Крессида, узнав, что ее отправляют в греческий лагерь, тоже взывает к богам, но ее тон гораздо более патетичен. Боги представляются ей верховными судьями, а время наравне с насилием и смертью предстает как зловещий губитель, которому должна противостоять сила любви:
О боги, боги!
Пусть именем Крессиды называют
Измену, если я его покину!
Ни время, ни насилие, ни смерть,
Мое терзая тело, не сумеют
Любовь сломить и уничтожить в нем.
Как центр земли, она всего основа.
(IV, 2, 98-104)
Клянется она явно чересчур усердно.
Несомненно, впрочем, что она еще верит в свои торжественные клятвы, хотя для нас они звучат весьма иронически.
Наиболее патетичны речи, предшествующие единственной ночи, которую Троил и Крессида проводят наедине. Влюбленные не только призывают богов, но с помощью Пандара всеми силами пытаются выйти за пределы текущего мгновения и облечь свою любовь бессмертным величием мифа о Трое. Сперва это провозглашает Троил:
Пускай клянутся именем Троила
Любовники грядущих поколений...
(III, 2, 169-170)
Вслед за ним и Крессида в самых поэтических выражениях клянется быть верной, иначе пусть она станет олицетворением вероломства до скончания времен, как оно рисуется ее воображению:
Пусть через много долгих, долгих лет,
Когда дожди источат стены Трои,
Когда поглотит хмурое Забвенье
Все наши города и даже царства
Могучие истлеют, превратясь
В безликий прах, - пускай живет одно
Воспоминанье о моей измене.
(179-185)
Пандар подкрепляет страстные заверения влюбленных на свой прозаический лад, он соединяет их руки как свидетель заключенного ими "договора", и торжественно заявляет: "Если только вы когда-нибудь друг другу измените, после того как я положил столько сил, чтобы свести вас, - пусть до самого конца мира всех злосчастных, незадачливых сводников зовут Пандарами..." (195-198).
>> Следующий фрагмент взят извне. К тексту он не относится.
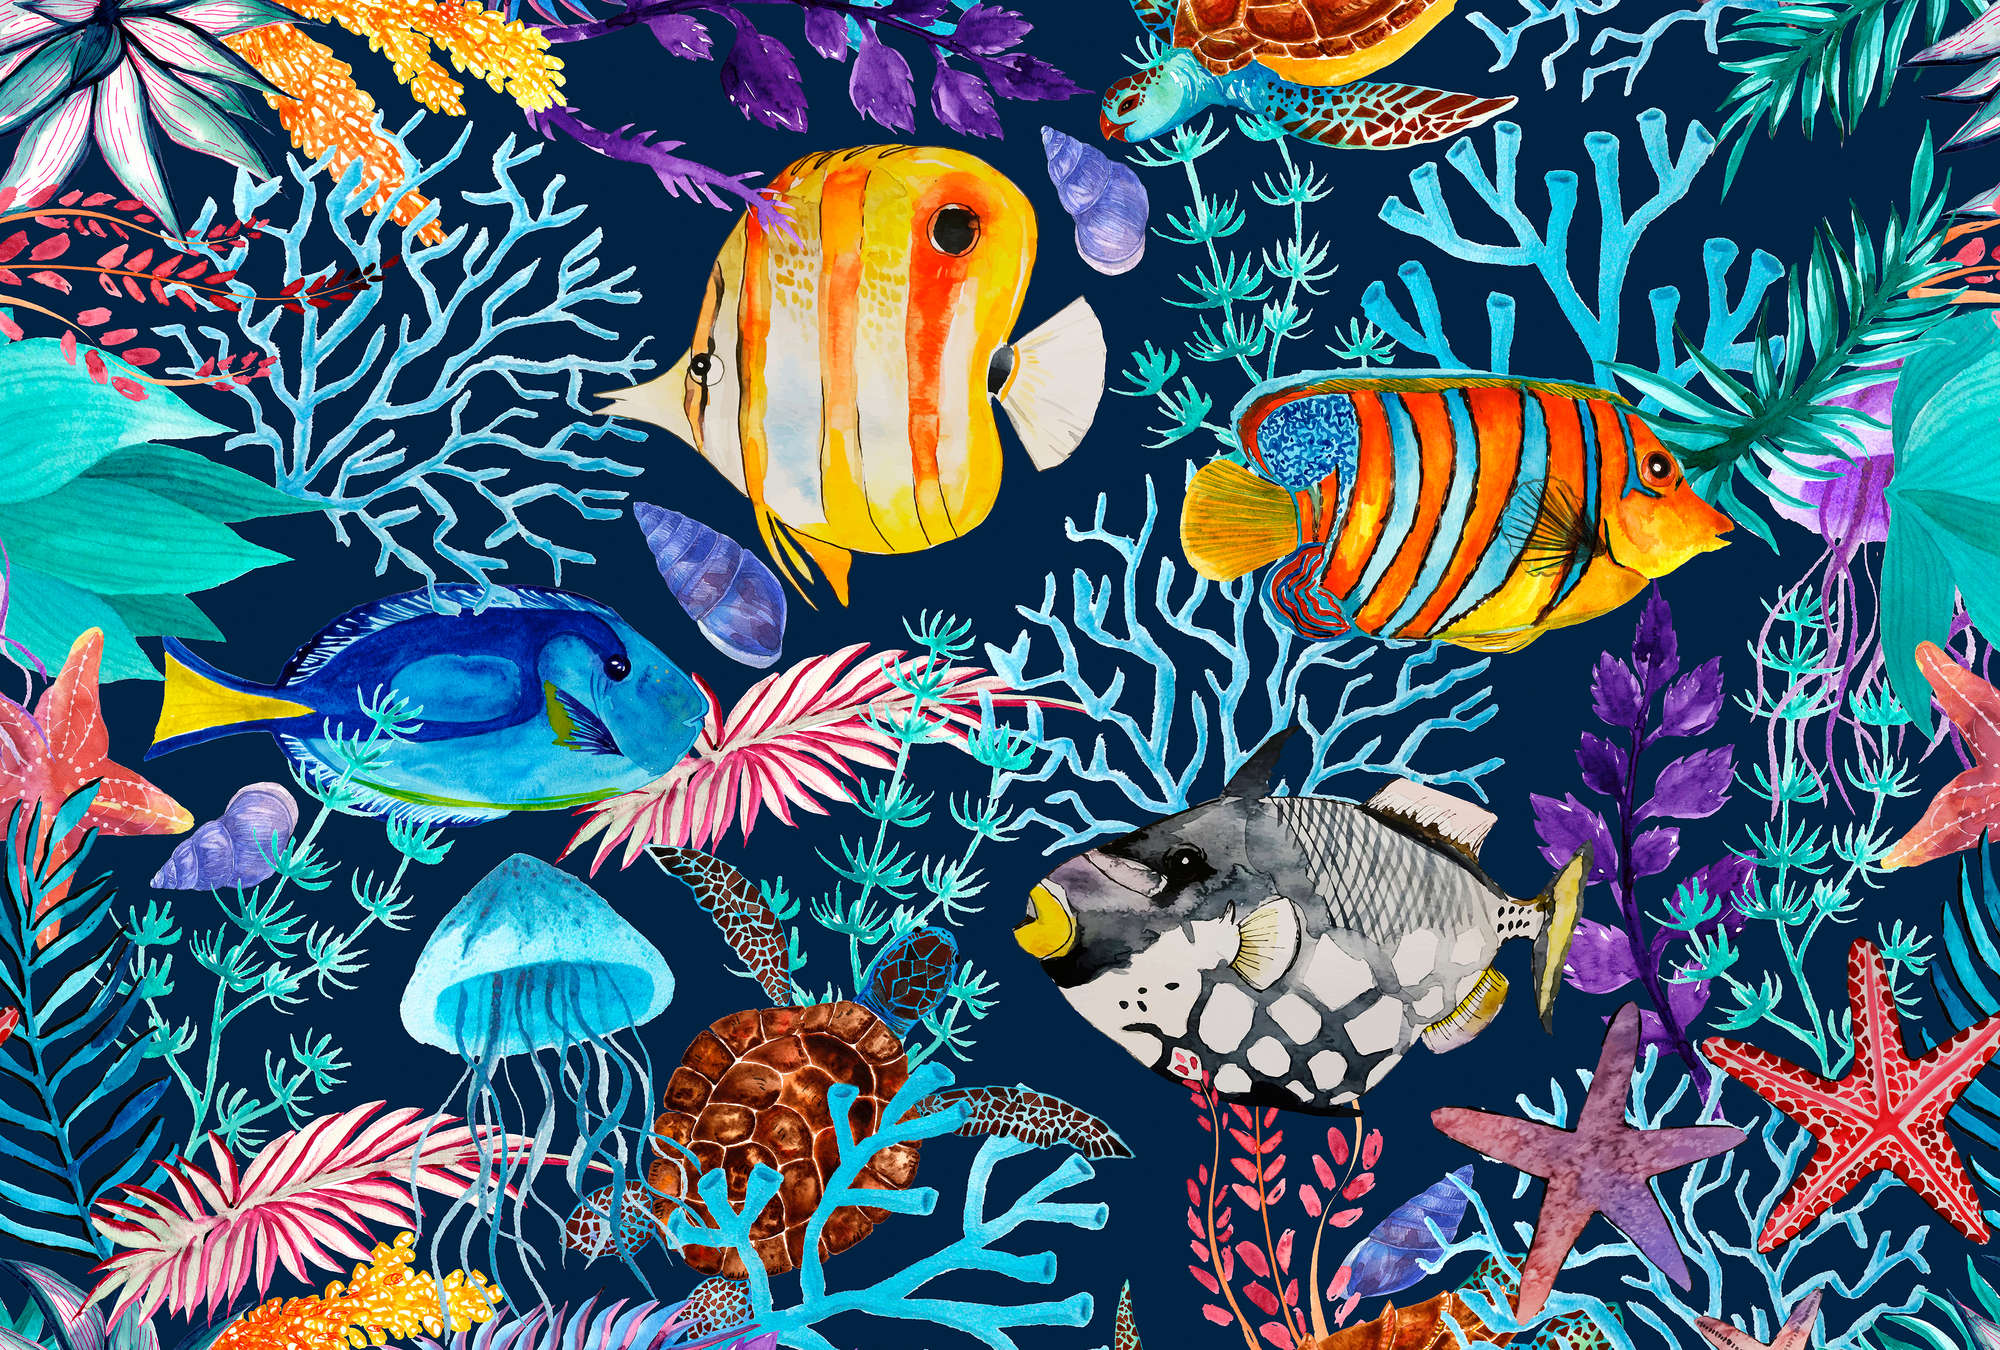             Papel pintado subacuático con peces y estrellas de mar de colores

Мы видим, что в истории любви, как и в истории войны, происходит расширение временных границ. Можно и здесь наблюдать проецирование событий в область величавого мифа. И опять-таки, едва это свершилось, как миф тут же развенчивается беспощадным противопоставлением его обыденной жизни. Не успели Троил, Креееида и Пандар окончить заверения в вечной любви, как Пандар самым деловитым образом принимается за приготовления к "милым проказам" наступающей ночи: "А теперь и проведу вас в комнатку; там есть ложе" (203).
Можно добавить еще несколько слов о технике изображения времени у Шекспира. Иногда указания на краткие промежутки времени и широкие временные перспективы сочетаются в одном небольшом отрывке. Быть может, лучшим примером такого сочетания являются прощальные слова Троила Крессиде (частично уже цитированные):
Мы, тысячами нежных воздыханий
Купившие друг друга, отдаем
Теперь друг друга дешево, поспешно,
Единым воздыханьем проводив.
(IV, 4, 41-43)
Противопоставление тысяч вздохов долгого томления друг о друге и единственного вздоха, исторгнутого вынужденной разлукой, отражает долгое созревание и внезапную насильственную гибель любви.